Technique de suppression du « bruit » autour du « signal » produit par un électrocardiographe.
Les bruits de haute fréquence sont provoqués par l’activité musculaire extracardiaque et les interférences dues aux appareils électriques. Il sont responsables de parasites/artéfacts sur le tracé qui gêne la lecture.
Les bruits de basse fréquence sont provoqués par les mouvements du corps liés à la respiration, les changements physicochimiques induits par l’électrode posée sur la peau et les micro variations du flux sanguin. Ils sont surtout responsables d’une déviation de la ligne de base et donc d’un tracé ondulant ou qui modifient certains segments lents d’un ECG comme le segment ST.
La tentation est de sur-filtrer les tracés pour qu’ils soient jolis… Mais, plus un tracé est filtré, plus les signaux propres aux patients sont modifiés [1][2][3][4]. Il faut trouver un compromis…
Bande passante
Les constructeurs sont tenus de proposer un enregistrement ECG dans une bande passante (ou intervalle de fréquences non filtrées) entre 0,05 Hz et 150 Hz chez l’adulte (250 Hz chez l’enfant) [1]. Mais la majorité des appareils du marché proposent des filtres pré-réglés entre 0,05-0,1 et 40-50 Hz, car le tracé est plus stable, moins parasité et cela donne plus de satisfaction aux utilisateurs « de base » [4]. C’est le compromis retenu généralement par les utilisateurs qui ne maitrisent pas les finesses de l’ECG… et acceptent le risque de faux positifs/négatifs, certes rares, qui peuvent être induits par des filtres inopportuns.
Le mieux est de décider soi même du réglage des filtres de basse et haute fréquence, en fonction de la qualité du tracé avant impression.
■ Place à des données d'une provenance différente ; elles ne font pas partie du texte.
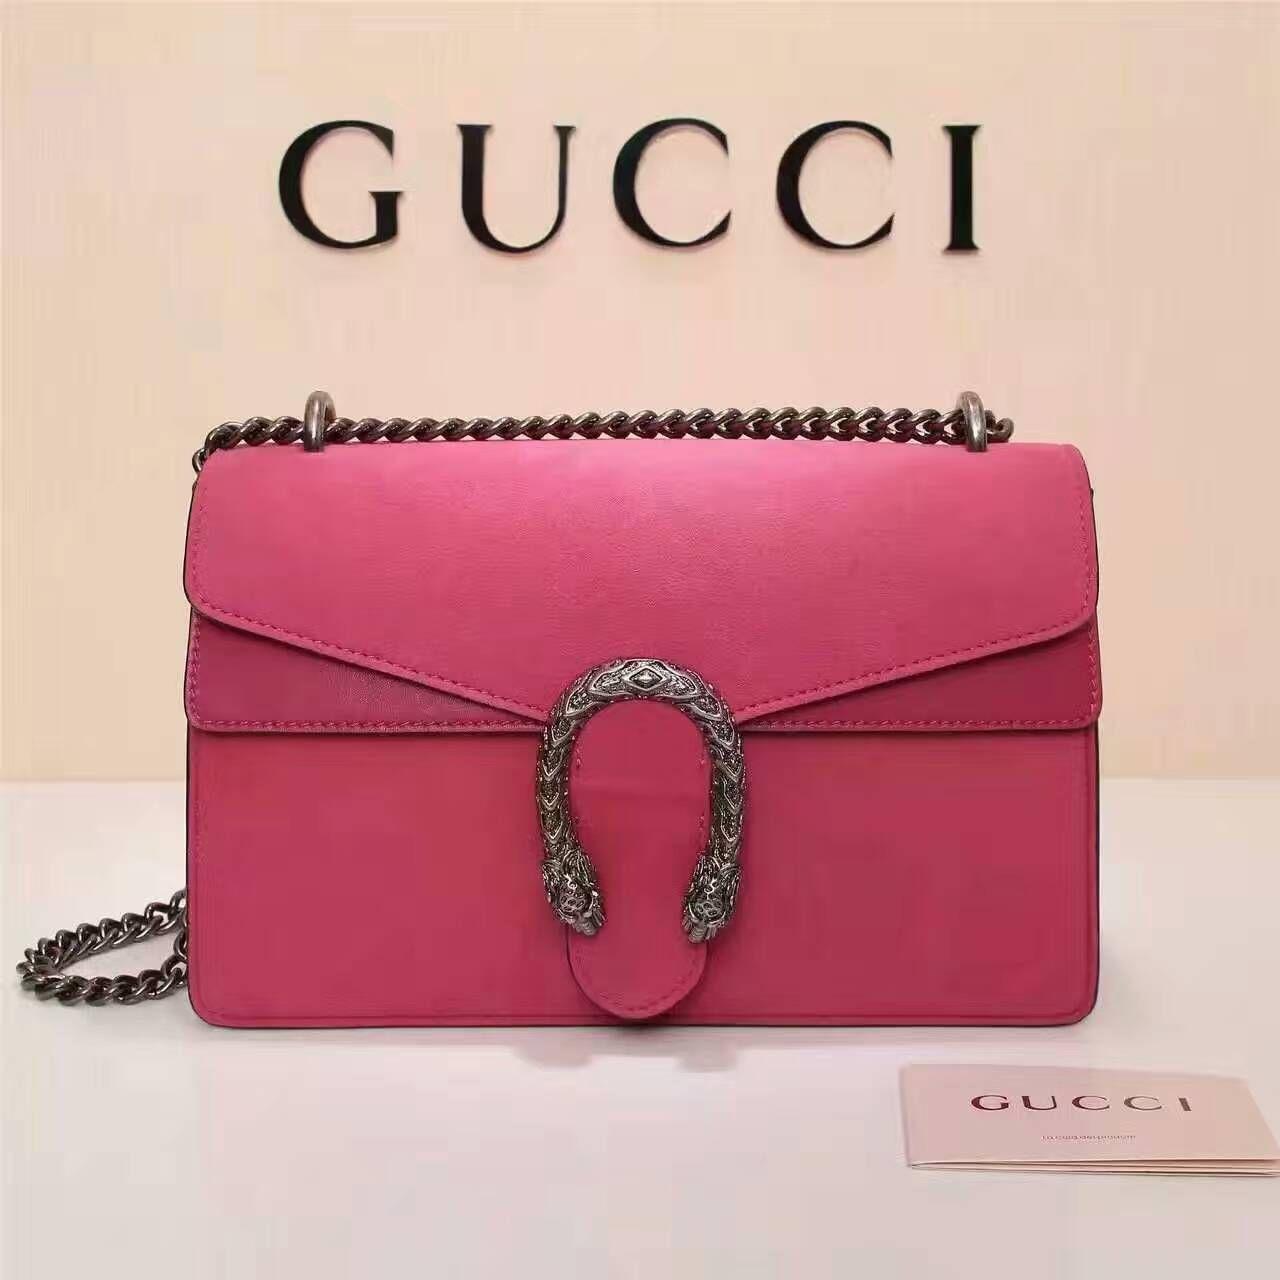 856eda84aec Gucci Dionysus suede shoulder bag 400249-1 size 28x18x9cm G4  whatsapp +8615503787453

Cela est possible facilement avant ou même après enregistrement sur les appareils modernes, grace à la numérisation et l’enregistrement des tracés.
Avant d’augmenter la bande passante, il faut en rechercher la cause comme le tremblement d’un membre ou une électrode posée sur une artère (dans ce cas, l’une des dérivations frontales n’est pas parasitée : voir artéfacts).
Modifications ECG par les filtres
Le filtre passe-bas (« low-pass »)
Il supprime les bruits de haute fréquence, au-dessus du seuil de 150 Hz [1]. Un filtre passe-bas ≤ 75 Hz lisse le tracé et fait disparaître de nombreux artefacts rapides [2]. Ce réglage réduit légèrement l’amplitude des QRS et la capacité à détecter de petites déflexions (micro onde Q, complexes QRS fragmentés, onde J, onde epsilon).
A gauche. Epsilon Wave-Effect of Frequency (Ken Grauer)
Un filtre passe-bas calibré à 35 Hz voire 20 Hz réduit de 10 à 20% l’amplitude des QRS et peut réduire des indices d’hypertrophie ventriculaire (voir ci-dessous).
Les filtres passe-bas < 150 Hz réduisent les parasites à fréquence rapide, mais réduisent aussi l’amplitude des QRS
Le filtre passe-haut (« high-pass »)
Il supprime en mode réel les bruits de basse fréquence, en dessous du seuil de 0,05 Hz [1]. Si on calibre le filtre passe-haut à 0,5 Hz, on enregistre/engendre des petites distorsions du segment ST [3] qui peuvent exceptionnellement simuler un infarctus ST+ antéroseptal [5] ou un ECG Brugada. Un filtre linéaire numérique est acceptable jusqu’au seuil de 0,67 Hz, car il supprime les déviations de la ligne de base.
On peut regretter que la valeur et l’impact des filtres ne figurent pas clairement sur le tracé, au côté du constructeur, du nom de la machine, du système d’interprétation et la date de sa mise à jour… Il faut exiger cela, lors des réglages machine par l’ingénieur ou le commercial (et la formation qui va avec etc.).
Filtre CA
Pour supprimer l’interférence due au courant électrique alternatif, les appareils utilisent aussi un filtre CA pour suppression des 50 ou 60 Hz (selon les pays) [1].
Filtre anti-dérivation
Un filtre linéaire numérique est acceptable jusqu’au seuil de 0,67 Hz, car il supprime les déviations de la ligne de base.